④ The KimA asserts that the money that he received in his name was transferred to himself by a Chinese trader to himself under the name of a third party by using the Plaintiff’s advance payment for export of scrap metal. The time when the Plaintiff shipped the scrap metal to be exported to a Chinese trader on June 9, 2007 and the last date of shipment is July 27, 2007, and the time when the money was transferred to a third party to the bank account in the name of KimA was June 12, 2007, and thereafter, the money transferred in the name of a third party on September 14, 2007 cannot be deemed as an advance payment for export. In addition, if the Plaintiff’s settlement currency was US US dollars, which was transferred to the Plaintiff’s bank account in the name of KimA, it is difficult to believe that the money was transferred to a third party in the name of a Chinese trader in accordance with the empirical rule, a local currency in Korea.

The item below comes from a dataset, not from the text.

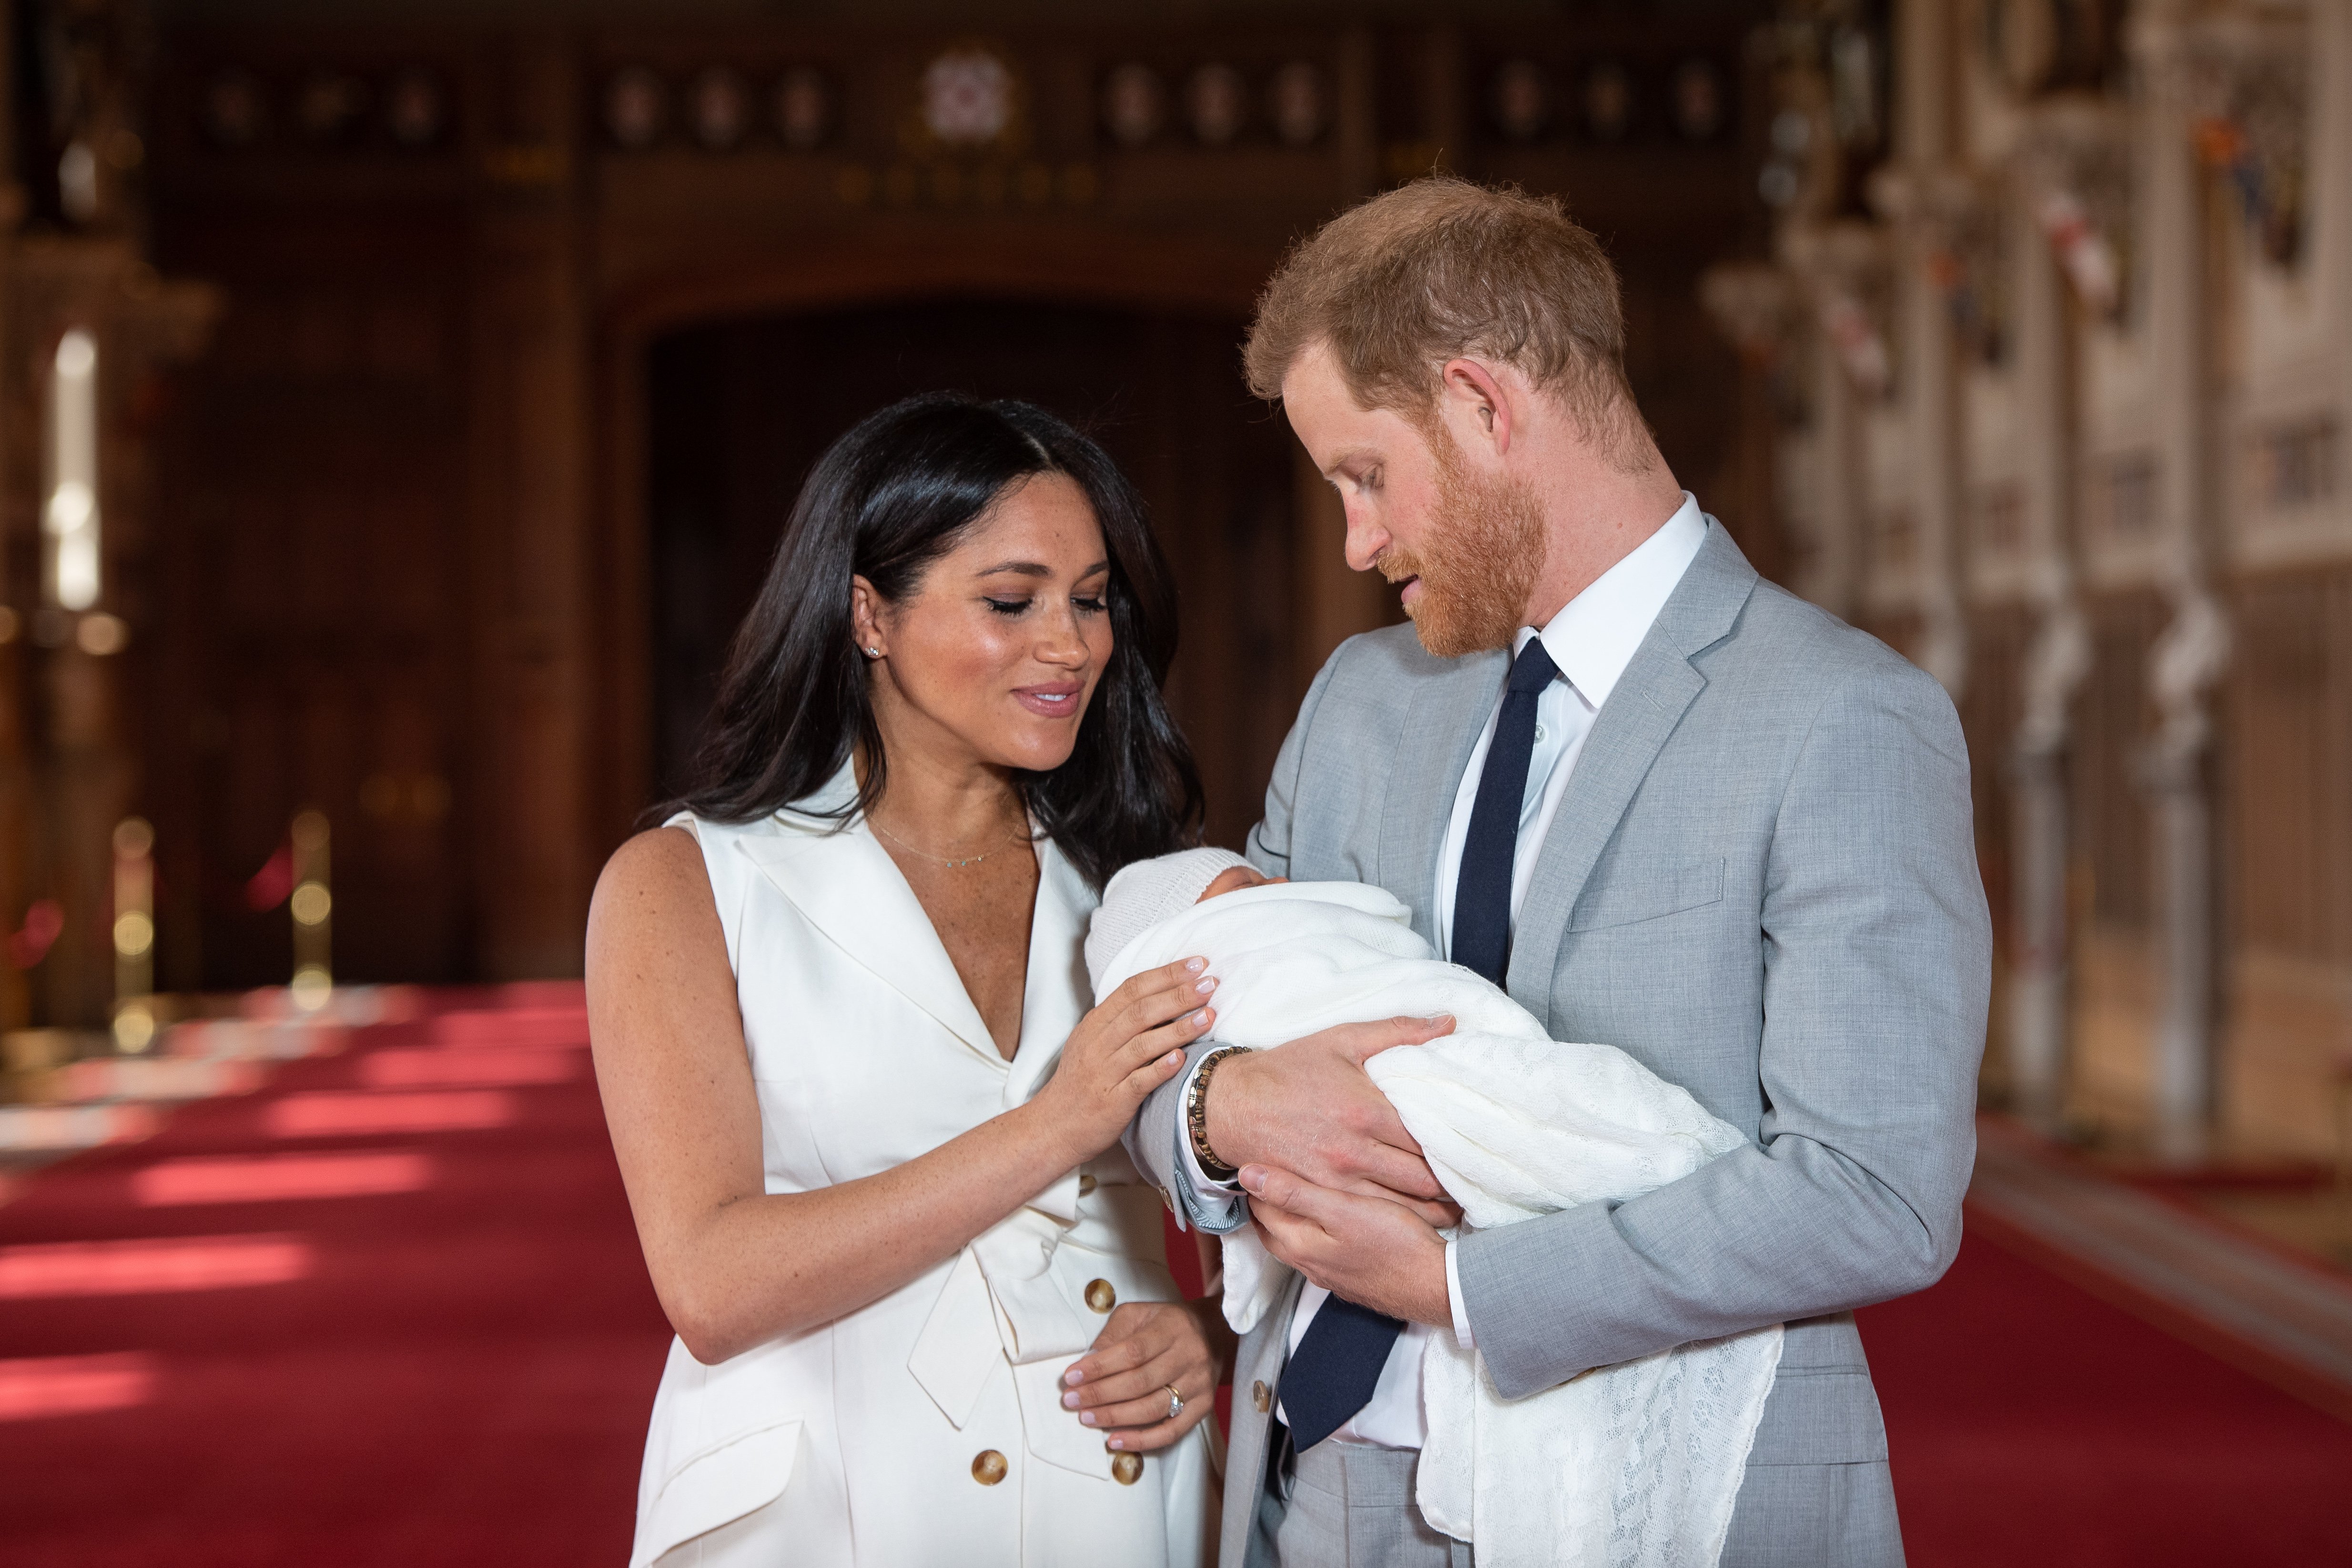 Prince Harry and Meghan Markle with their son Archie in St George's Hall at Windsor Castle on May 8, 2019, in Windsor, England. | Source: Getty Images.

3) Ultimately, taking into account the aforementioned various circumstances, there may be room to view that the entire scrap metal transaction between the Plaintiff and KimA constitutes a processing transaction rather than a real transaction. However, in conducting the instant tax investigation, the head of Pacific Regional Tax Office recognized that the transaction amounting to KRW 1,17,061,060, which the Plaintiff transferred to KimA from July 11, 2007 to August 16, 2007, was a real transaction and determined as a processing transaction only for KRW 1,759,367,610, the difference between the Plaintiff and KimA company and KRW 583,915,045, which is the difference between the said amount and KRW 583,915,045. Accordingly, each of the dispositions of this case, which was not included in necessary expenses, is legitimate.
3.In conclusion
Therefore, the plaintiff's claim of this case is dismissed as it is without merit. It is so decided as per Disposition.